On 16 April, Switzerland announced that the country would ease restrictions in a three-step, gradual way. The first step began on 27 April, for those who work in close contact with others, but not in large numbers. Surgeons, dentists, day care workers, hairdressers, massage and beauty salons could be opened with safety procedures applied. DIY stores, garden centres, florists and food shops that also sell other goods could also be opened. The second step was to begin on 11 May, assuming implementation of the first step without problems, at which time other shops and schools could be opened. The third step would begin on 8 June with the easing of restrictions on vocational schools, universities, museums, zoos and libraries. From the 25 June onwards, the Government pays for the costs of an eventual COVID test, if a patient has enough symptoms of COVID-19. In July and August, masks became mandatory, first on public transport and then also in airplanes.

In October 2020, following a rapid increase in corona cases, the authorities imposed stricter public health measures. These include limiting public gatherings to 15 people, prioritising home office and making masks mandatory in all enclosed public spaces. In January 2021, after a month of corona cases remaining at a high level, additional measures were passed that required the closure of all restaurants, sport and cultural venues as well as shops that do not sell products for daily use.

From 13 September 2021, access to most indoor public spaces like restaurants, bars, museums or fitness centres was only permitted with a valid Covid certificate. No other restrictions were put in place for the fully vaccinated and boosted people.

On 17 February 2022, almost all measures were lifted, mask remaining mandatory on public transport and in healthcare institutions only.

The Flon in Lausanne before and at the peak of the first COVID-19 outbreak. Unlike in many other countries, no strict confinement was imposed in Switzerland.

=== Proximity tracing: SwissCovid ===

An international consortium of researchers, mainly at the École Polytechnique Fédérale de Lausanne and the Swiss Federal Institute of Technology in Zurich, developed the Decentralized Privacy-Preserving Proximity Tracing (DP3T) framework for digital contact tracing. The DP3T framework then provided the basis for the COVID-19 contact tracing app SwissCovid, developed by Swiss DP3T researchers, and the private sector in collaboration with Swiss federal administration. In April, Swiss authorities first manifested public support for the project, and initiated a legislative process to draft a law allowing for a national digital contact tracing system. At the end of May, a law was approved, after which a test version was made available for a restricted public, and the source code was released. At the end of June, the application was released to the public. Use of the app is voluntary and based on a decentralized approach using Bluetooth Low Energy, and uses Google and Apple's Exposure Notification system, which was significantly influenced by the DP3T team. As of mid-September, the app is used by over 1.6 million people everyday, with around 450–500 exposure notifications sent a week, for a total of over 2700 confirmed infections per week.
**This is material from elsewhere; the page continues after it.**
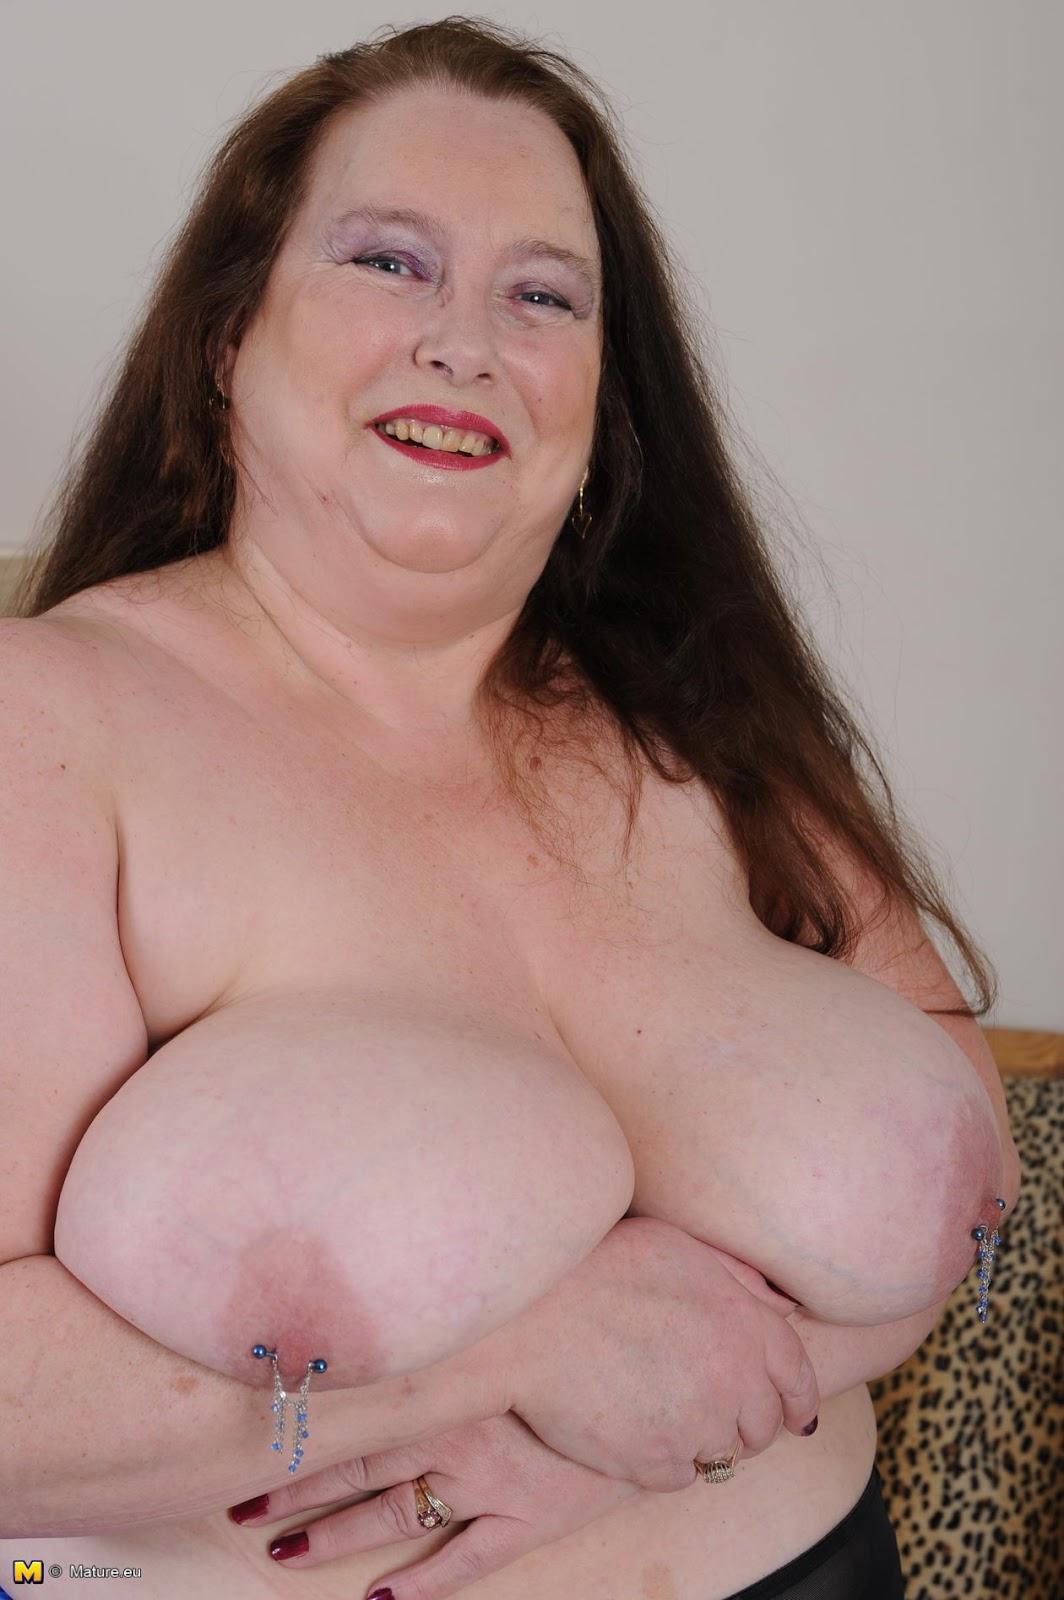 Nude Fat Ladies Pics

An agreement between EU countries to make applications compatible exists, but there is no legal basis for the SwissCovid application to be part of this agreement, even though technically speaking it is said to be ready, according to the Federal Office of Public Health.

=== Summary of Fiscal Response ===
During the first wave, the total Swiss distribution of relief funds totaled 73 billion CHF, around 10.4% of Swiss GDP. This included a package on March 13, 2020, of 10 billion CHF. 8 billion of which went to compensation of people who were employed part time, 1 billion for hard hit firms, and 580 million for loan guarantees and compensation for cancelled events. An additional 32 billion CHF package was announced on March 20, 2020, aimed at extending part-time employee subsidies, a guarantee of 20 billion CHF for small business bridging loans, interest free deferral payments to social security, extended timelines for tax payments and payments to state owned suppliers, and compensation for losses of self employed workers. On March 25, further measures of 600 million CHF per month were also provided. Further expansions to the aforementioned support measures were announced on April 3, April 8, April 16, April 22, and April 29. These included a doubling of small business loan guarantees to 40 billion CHF and 1.9 billion CHF credit support relief to Swiss airlines.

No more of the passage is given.